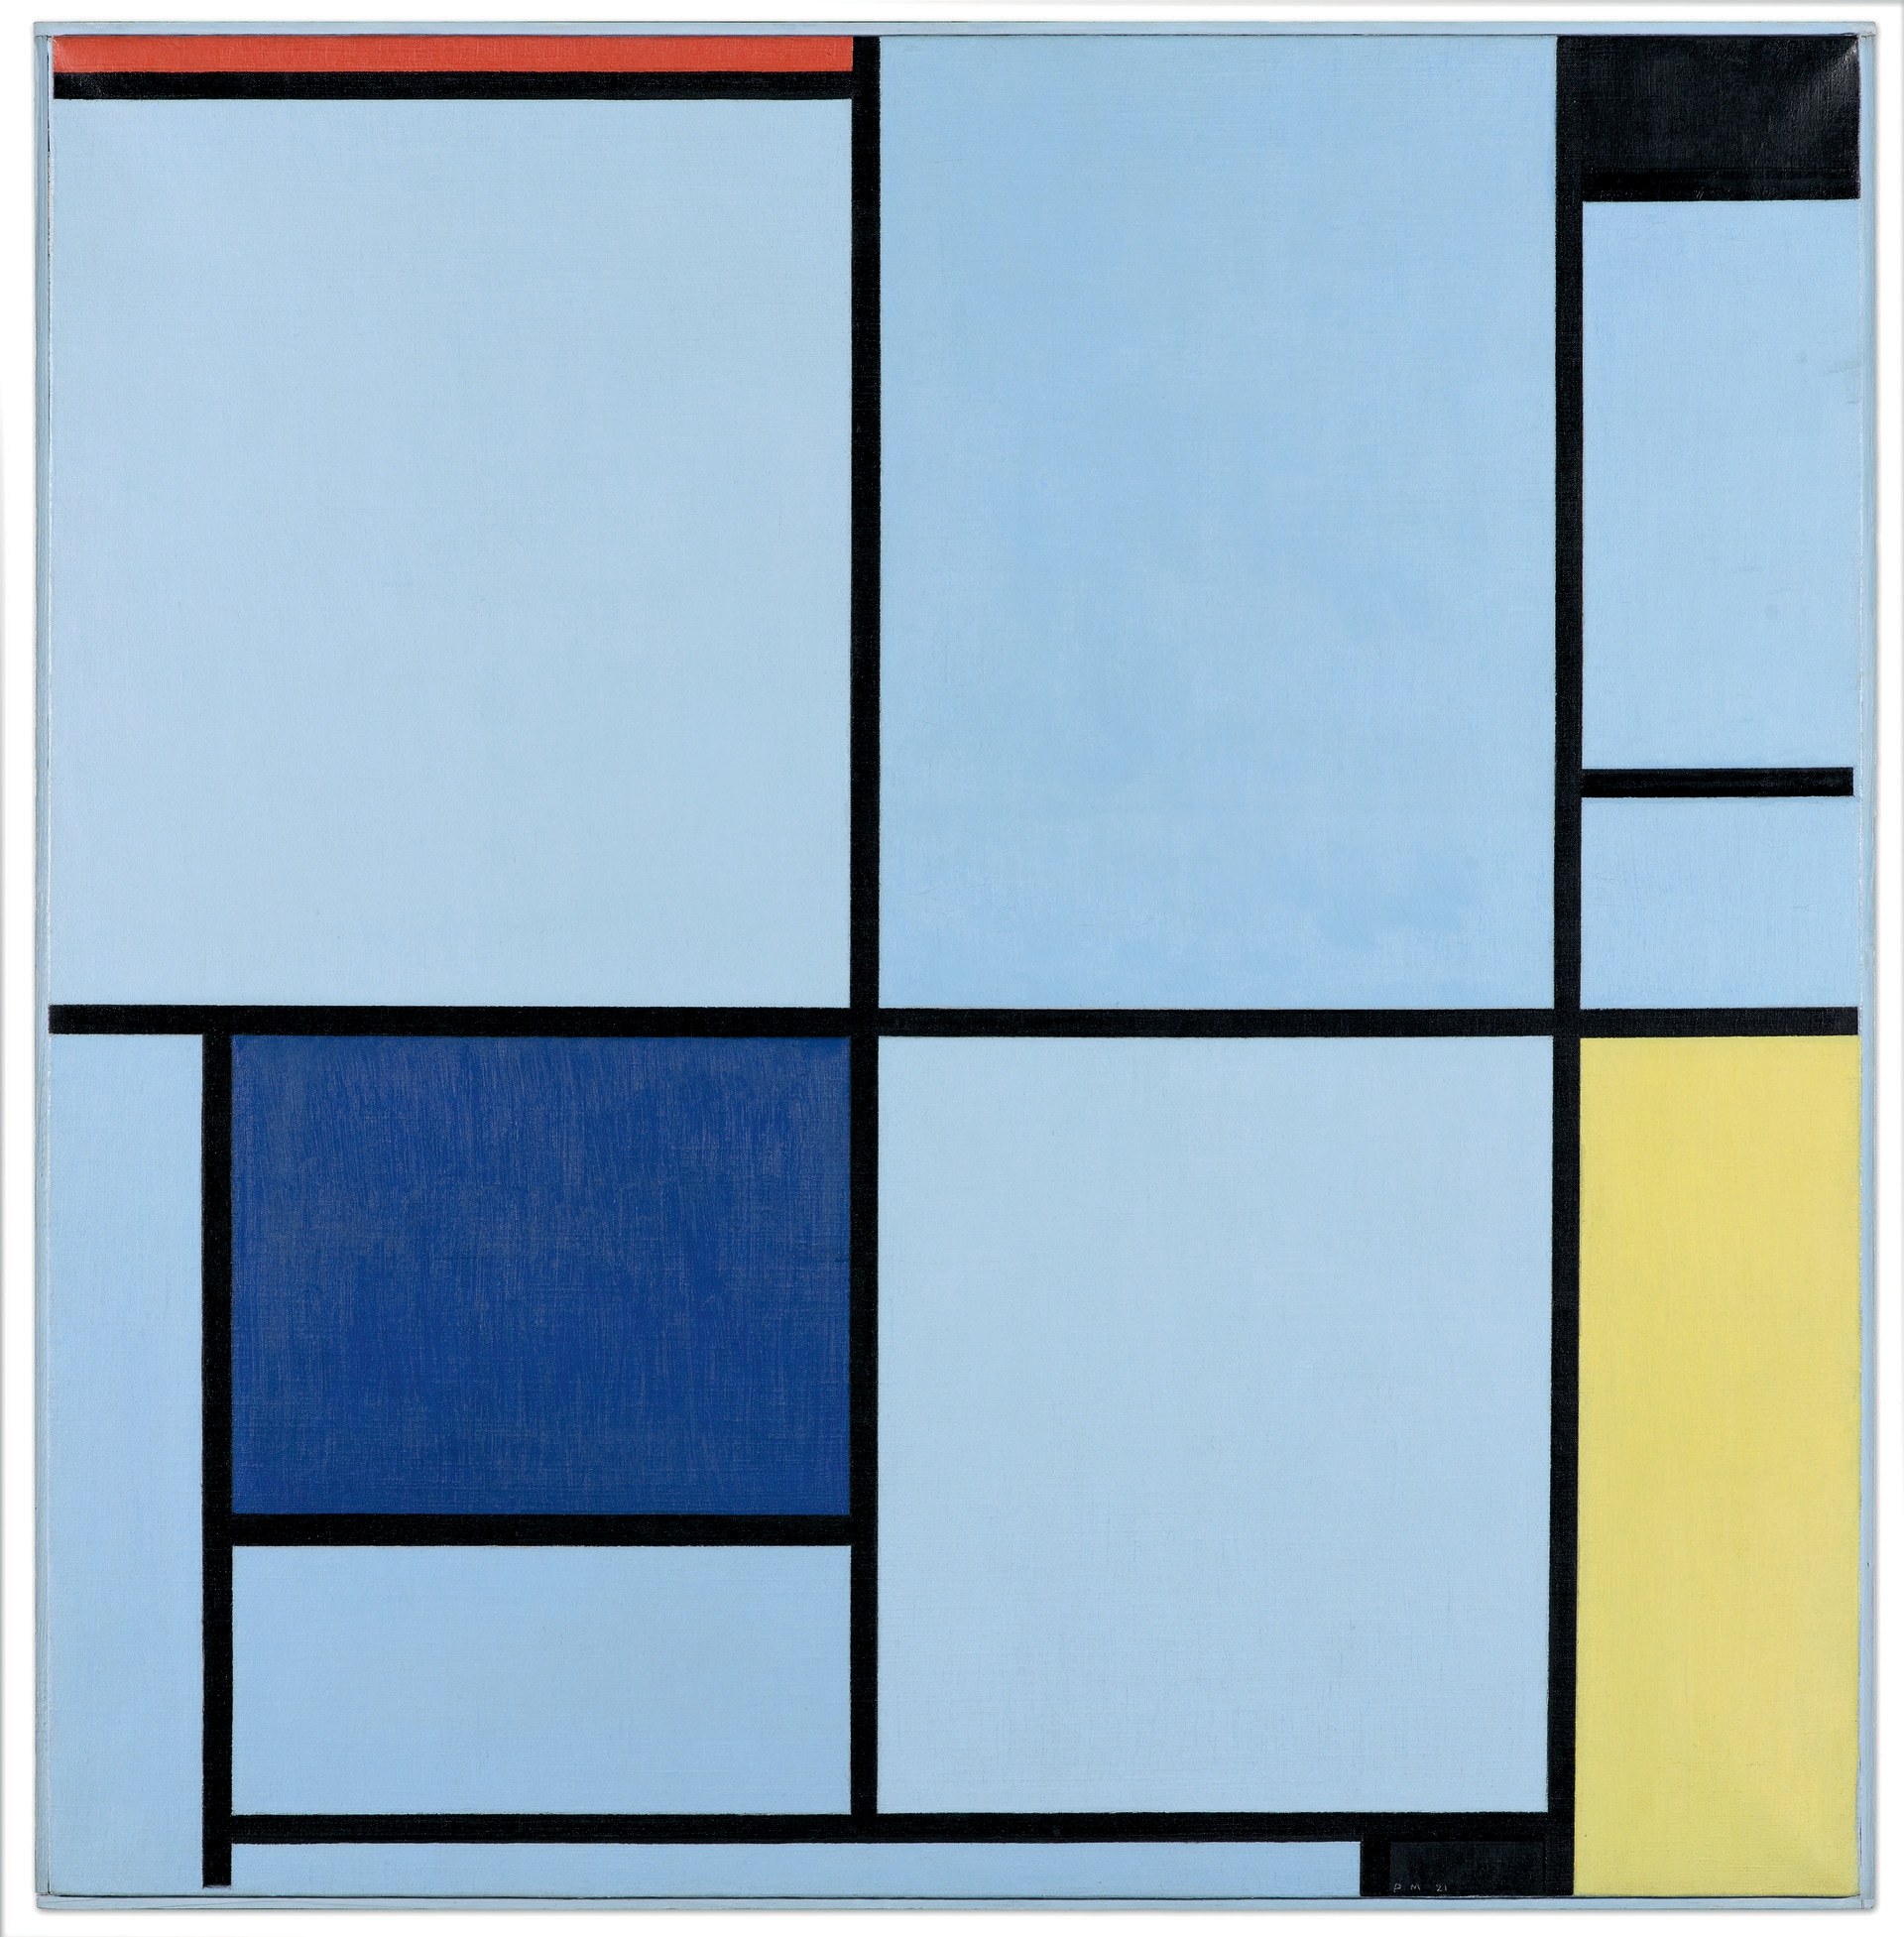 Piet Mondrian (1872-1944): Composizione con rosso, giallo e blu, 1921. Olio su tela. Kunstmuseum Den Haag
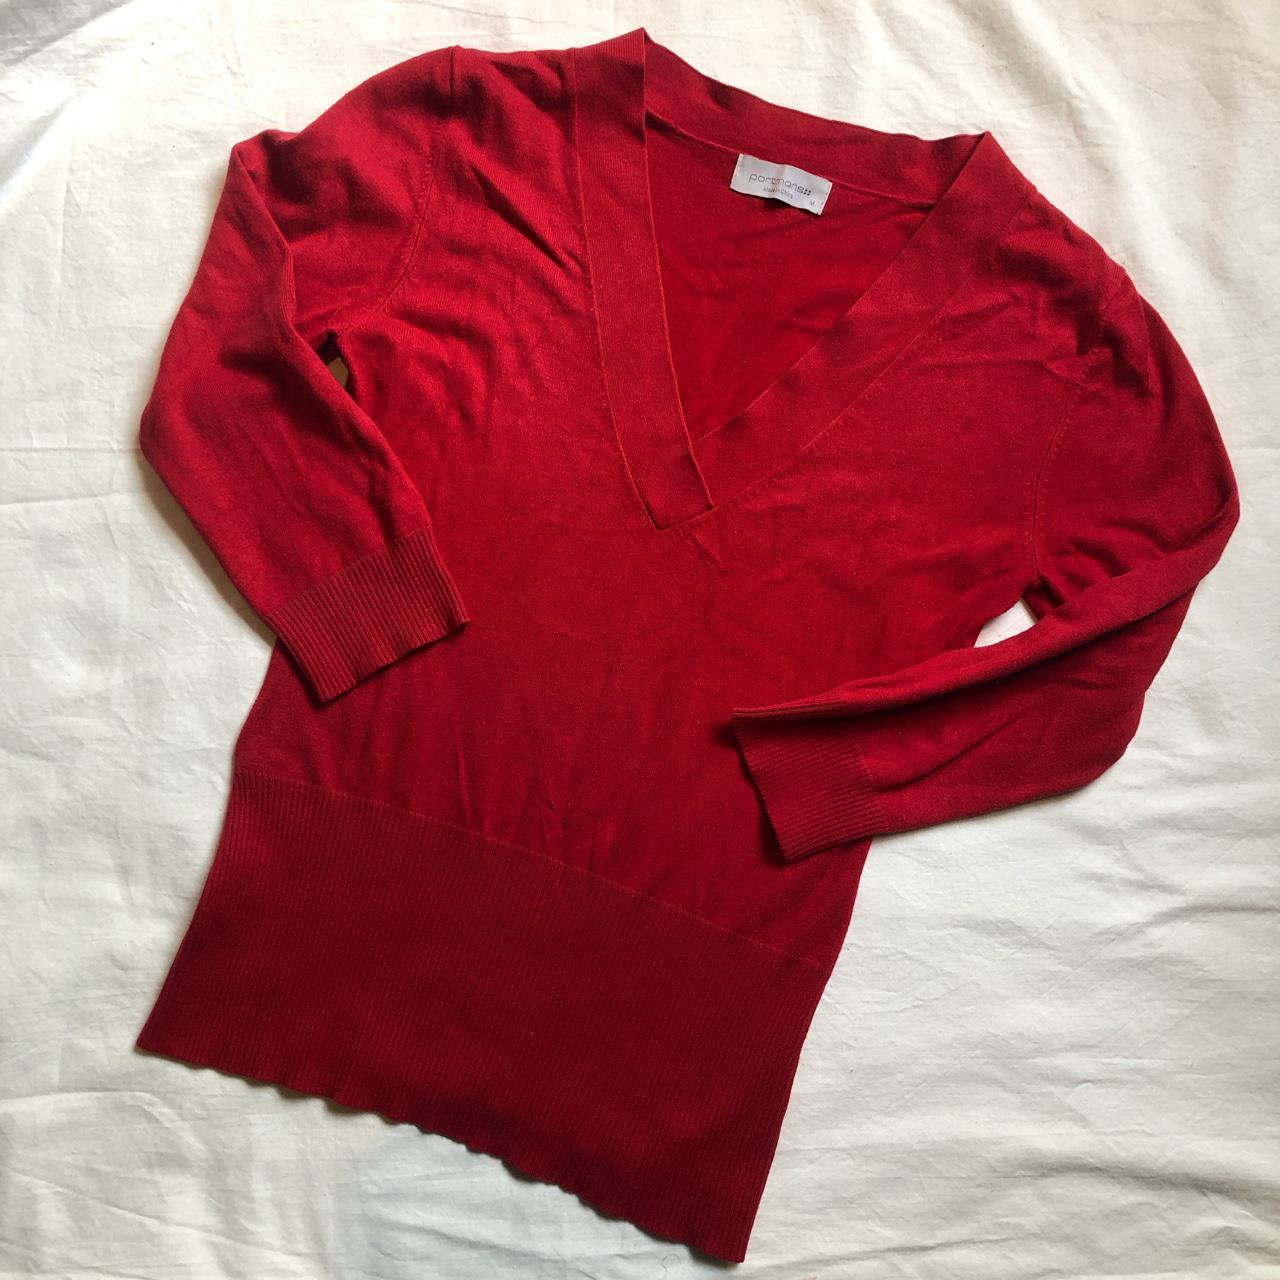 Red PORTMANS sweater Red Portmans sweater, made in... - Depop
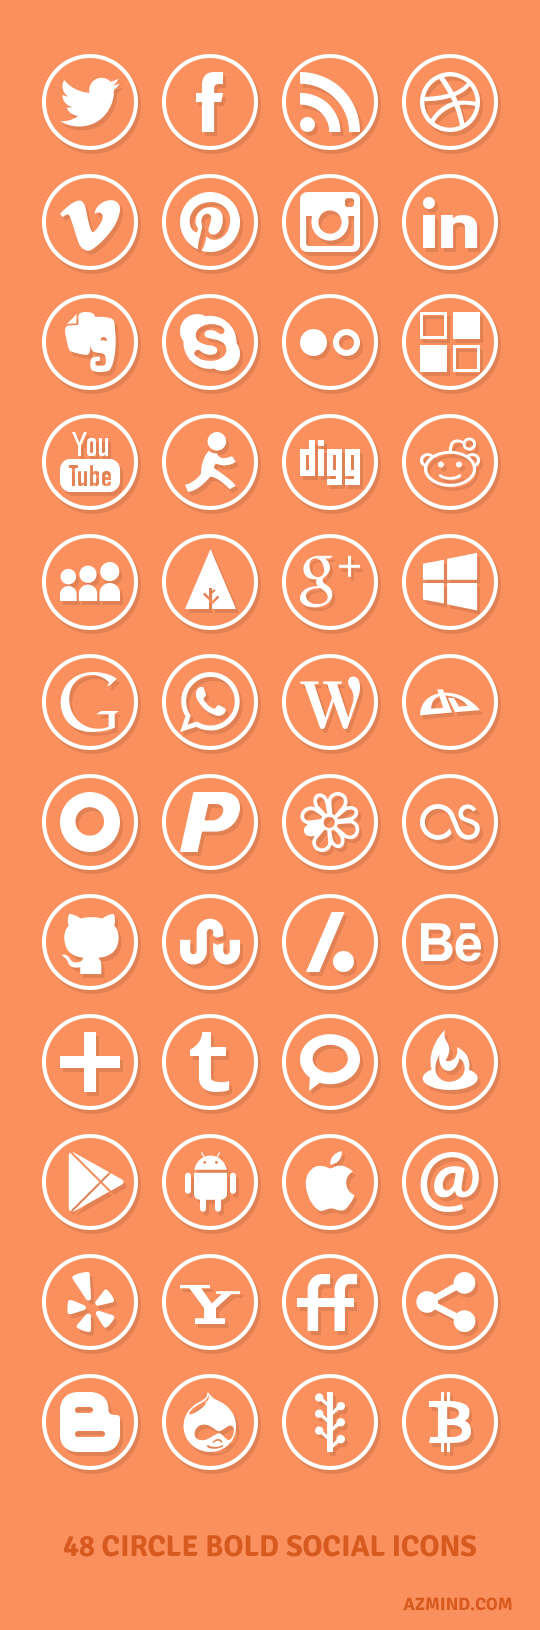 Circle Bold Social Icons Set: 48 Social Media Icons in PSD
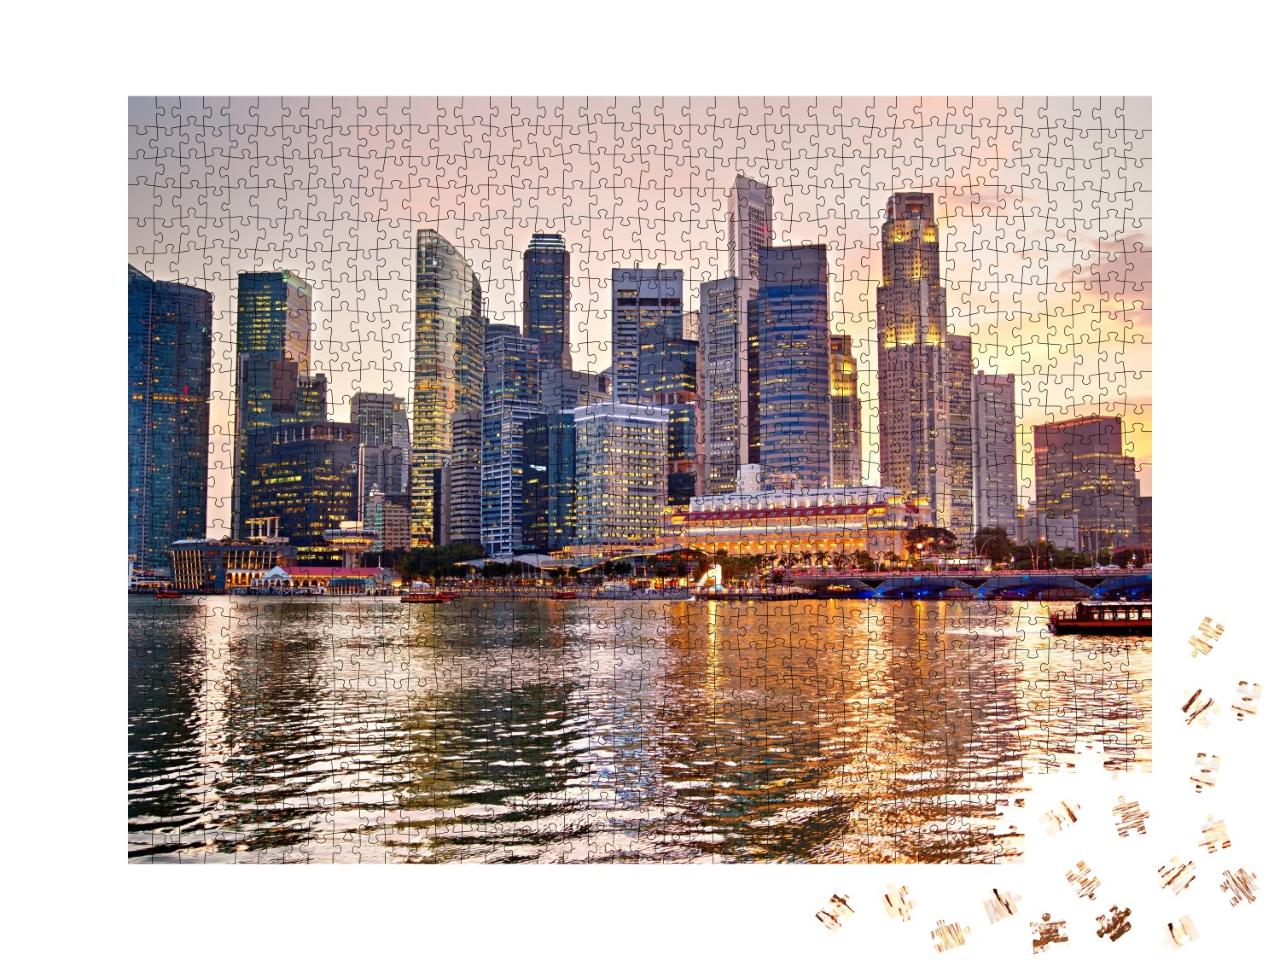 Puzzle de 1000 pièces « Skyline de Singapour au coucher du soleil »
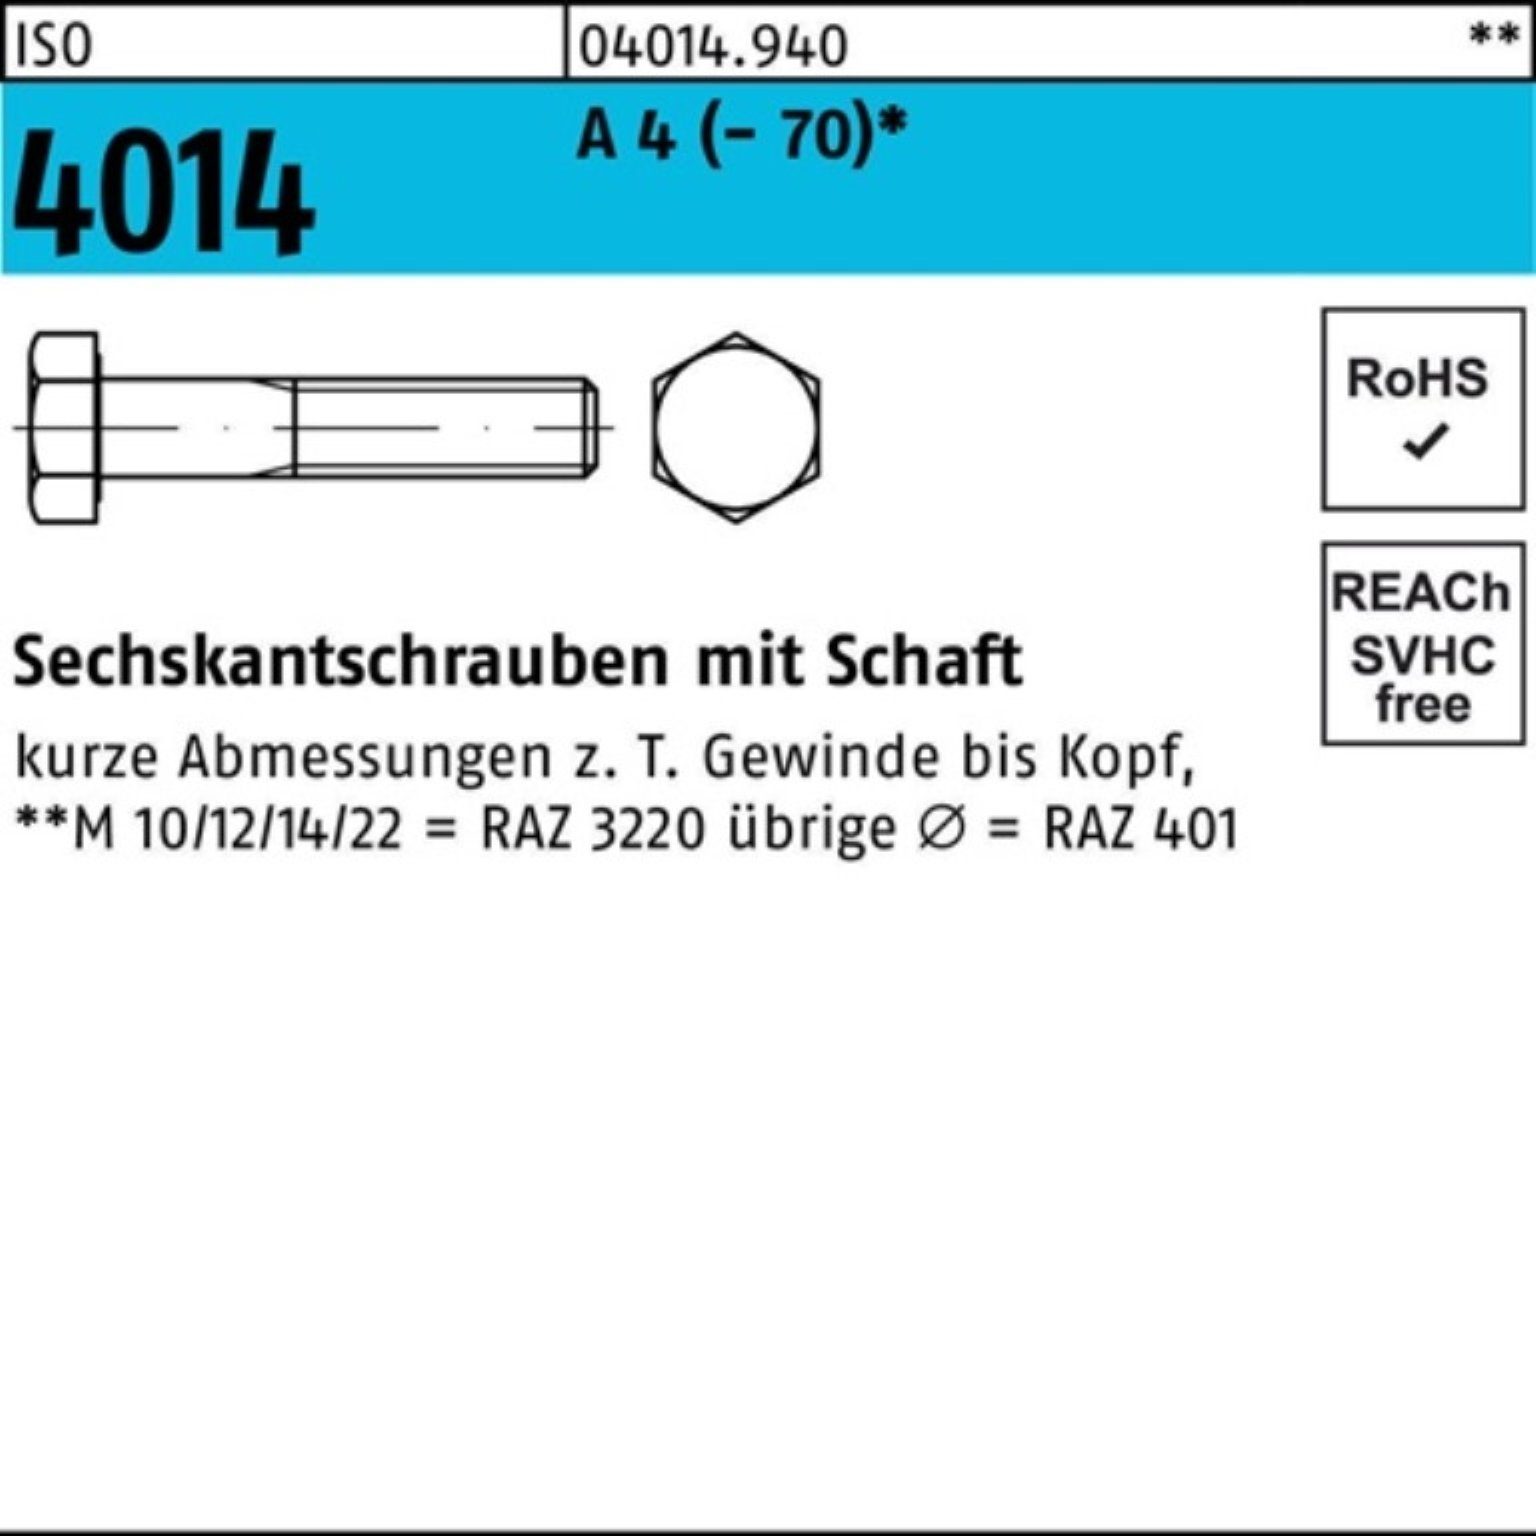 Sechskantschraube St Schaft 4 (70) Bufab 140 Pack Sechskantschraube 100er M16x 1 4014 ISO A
· · · · ·
* [What is being asked] Find the line with "Circle Bold Social" in the listing and extract it and all lines after it through the end, exactly, without the pictures.

* [The answer]
 Circle Bold Social Icons Set: 48 Social Media Icons in PSD
 Puzzle de 1000 pièces « Skyline de Singapour au coucher du soleil »
 Sechskantschraube St Schaft 4 (70) Bufab 140 Pack Sechskantschraube 100er M16x 1 4014 ISO A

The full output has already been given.